Yes, canned is by far the most altered/damaged. Frozen is much better. A lot of the enzymes survive freezing. I'd have to look it up again, but "over 50%" is sticking in my mind as digestive enzymes that survive freezing. I ran across this while researching chopped and frozen pig pancreas for dogs with EPI ....


----------



## Sally Crunkleton (Jan 13, 2012)

Connie Sutherland said:


> Sally, please let us know when this resolves. (BTW, I feel sure it will be OK because you found it; you know about it. It's being watched. Good for you that you were on top of it right away.)


Thanks Connie! I will update hopefully tomorrow with fantastic news. 

It's strange how we can know our dogs
so well without them being able to talk. I fed that evil little oxtail around 7:30 Saturday evening and by 10am I knew he was not acting right at all. I was accused of being extremely paranoid for even taking him in, but I got my apology afterwards!


----------



## Bob Scott (Mar 30, 2006)

Connie Sutherland said:


> Yes, canned is by far the most altered/damaged. Frozen is much better. A lot of the enzymes survive freezing. I'd have to look it up again, but "over 50%" is sticking in my mind as digestive enzymes that survive freezing. I ran across this while researching chopped and frozen pig pancreas for dogs with EPI ....

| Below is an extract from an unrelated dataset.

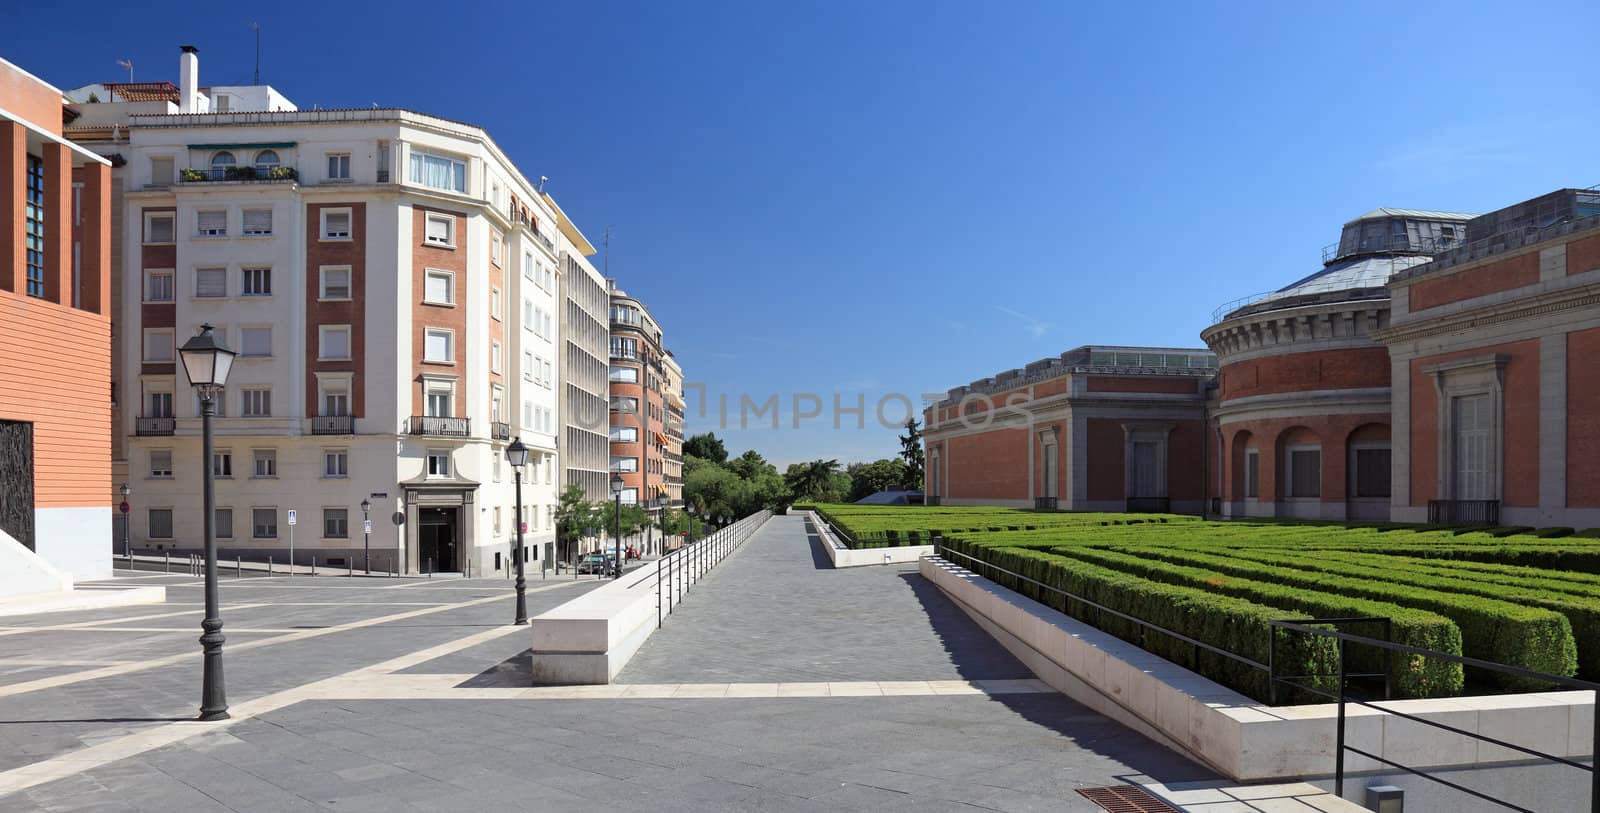 The modern building of Prado museum in Madrid, Spain. by borodaev

Then I would guess that frozen tripe would be good for my EPI dog?
I've also read about the frozen pig pancreas as being to inconsistent in amount of enzyme to be a reliable source for the EPI dog.


----------



## Connie Sutherland (Mar 27, 2006)

Bob Scott said:


> I've also read about the frozen pig pancreas as being to inconsistent in amount of enzyme to be a reliable source for the EPI dog.


Yes, that was what I came away with on the frozen pig pancreas. The enzyme content is too inconsistent.

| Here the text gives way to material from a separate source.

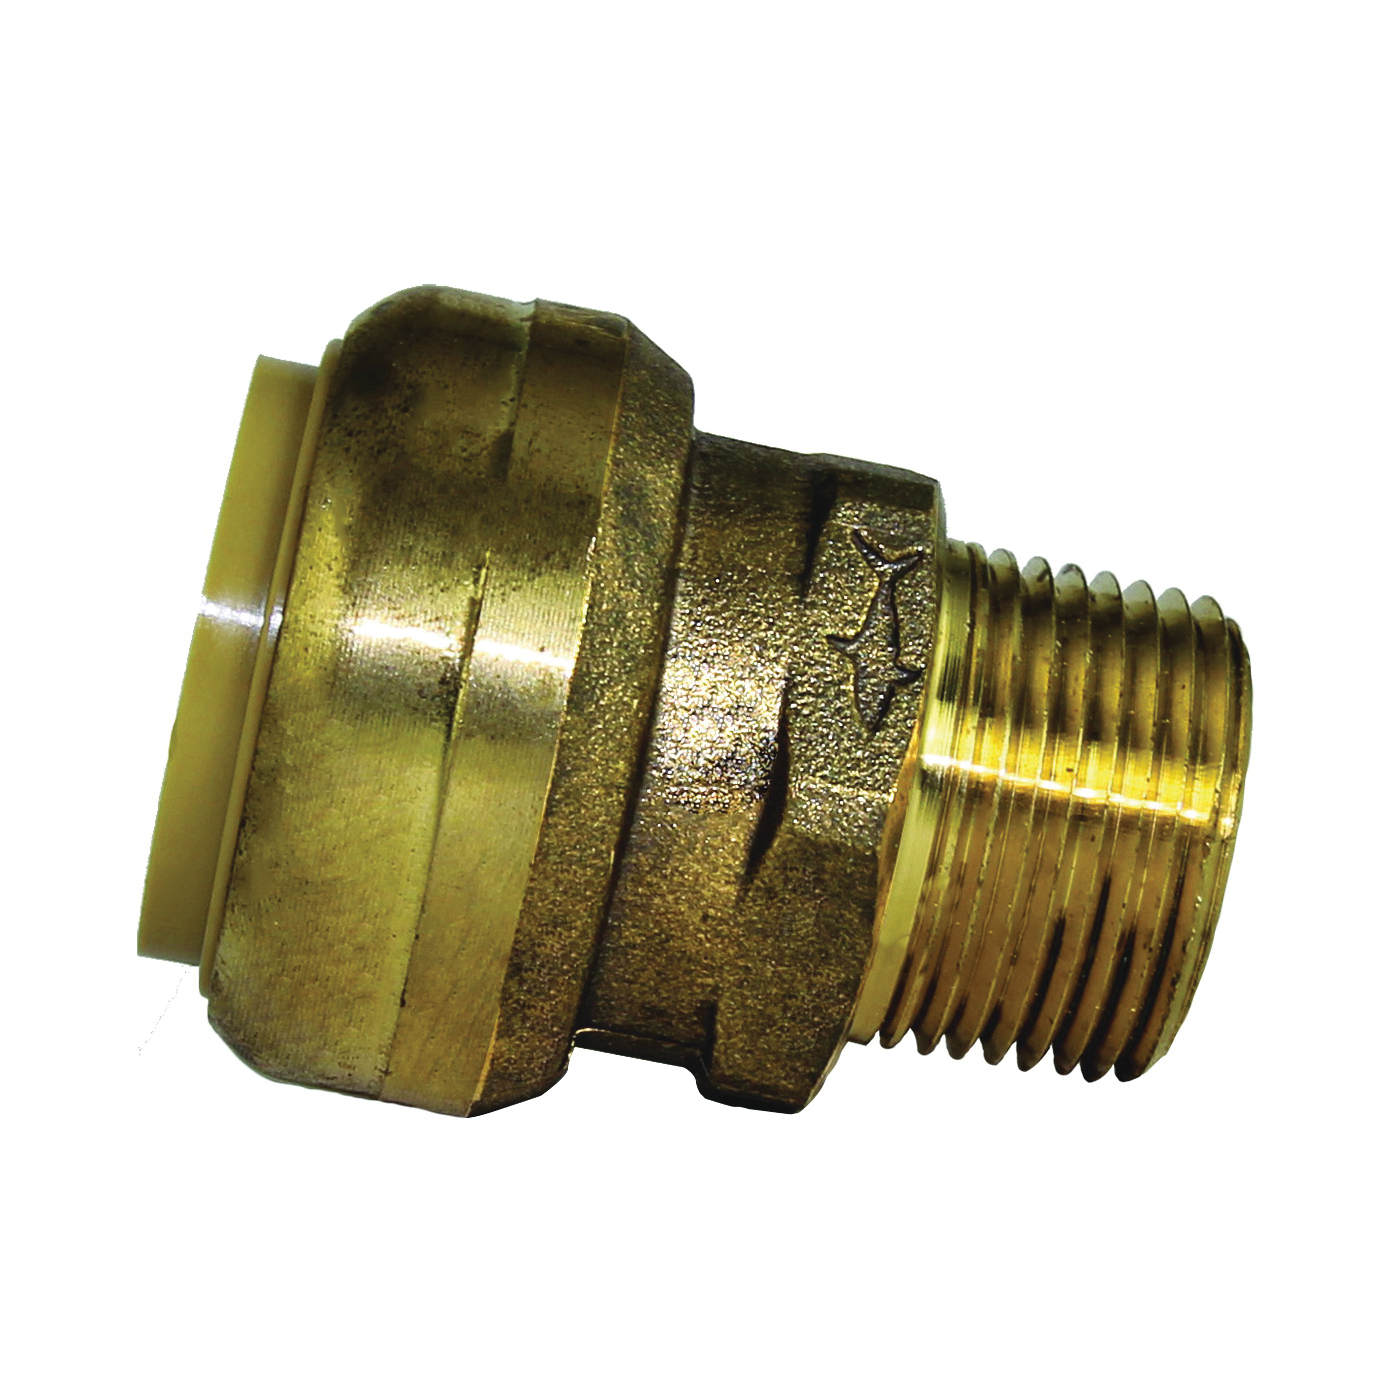 U142LFA Pipe Connector, 1 x 3/4 in, MNPT, Brass, 200 psi Pressure

But it was interesting to find out how much enzyme content survives freezing.


----------



## Matt Vandart (Nov 28, 2012)

I was talking to my missus today, coincidentally, about going back to tripe, but I can't seem to find it anywhere round here


----------



## Meg O'Donovan (Aug 20, 2012)

Does dehydrating/drying destroy all those good enzymes in tripe also? 
I'm thinking of the dried tripe that still looks like tripe ( no green guts), not the kind that is processed with other things into dog snacks/treats. Has anyone heard of using a dehydrator to dry tripe at home? I know this process would smell pretty rank.

Tripe is a delicacy among the oldtimers in our local native community. It is cleaned in a river before boiling/stewing it. The greens are removed, just the tissue is eaten. When someone is butchering their own cow, then people go ask for it, and really appreciate it. The young people don't seem to have the same liking for it. 

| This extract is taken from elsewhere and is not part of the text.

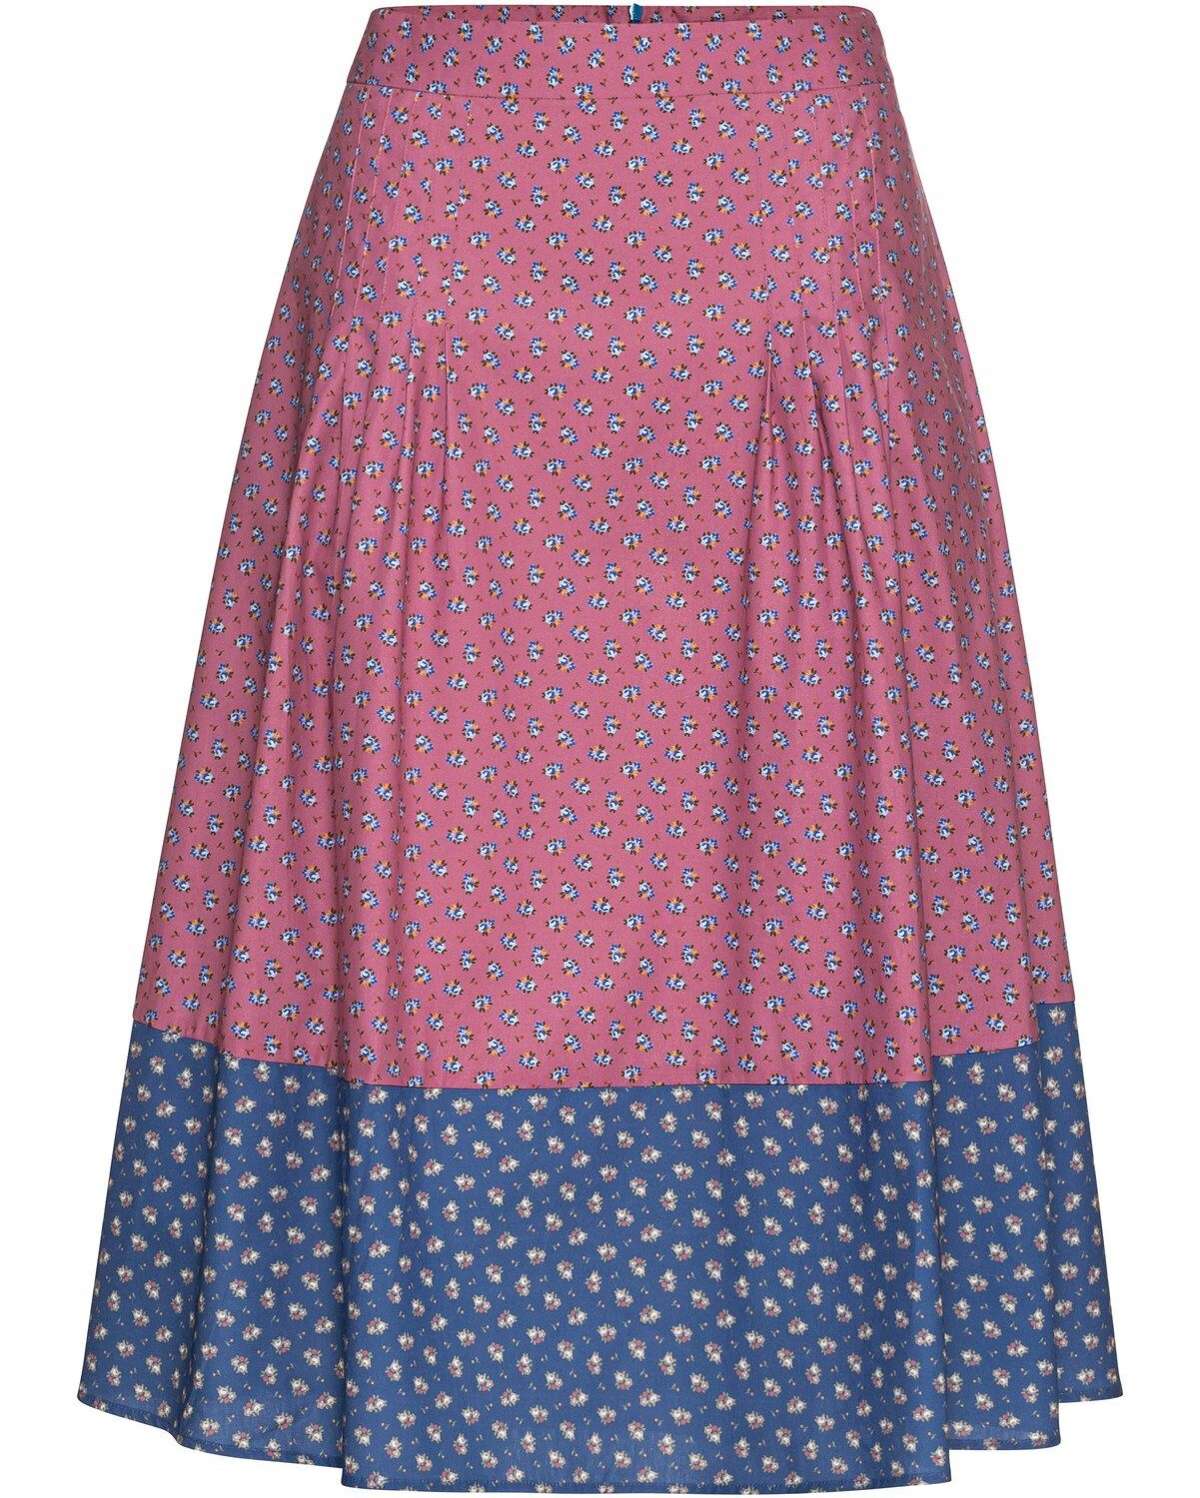 Традиционная юбка-юбка с цветочным принтом

I remember eating it in soups in SE Asia also. But not with the green stuff still in it!


----------



## Connie Sutherland (Mar 27, 2006)

Meg O'Donovan said:


> Does dehydrating/drying destroy all those good enzymes in tripe also?


Big gray area, because it depends on the temperature (and on the temp consistency too). I think it also depends partly on whether the tripe was air-dried first.

By the time you hit dry heat of about 149 degrees F. or wet heat of about 118 degrees F., enzymes in foods have been deactivated.

You'd have to read up on the individual manufacturer, I guess, what temp they use, and whether enzyme survival is tested post-processing.


----------



## Mark Horne (Oct 12, 2006)

http://www.jeffs-tripe.co.uk/feeding.htm

Here's a quick guide to feeding quantities for Tripe.

This is good stuff to feed in the morning especially before training as it hydrates the dog preparing it for the day ahead. You'll notice the dog weeing quite a lot a few hours after eating, animals like people actually get most of their fluids from food not drinks as many percieve.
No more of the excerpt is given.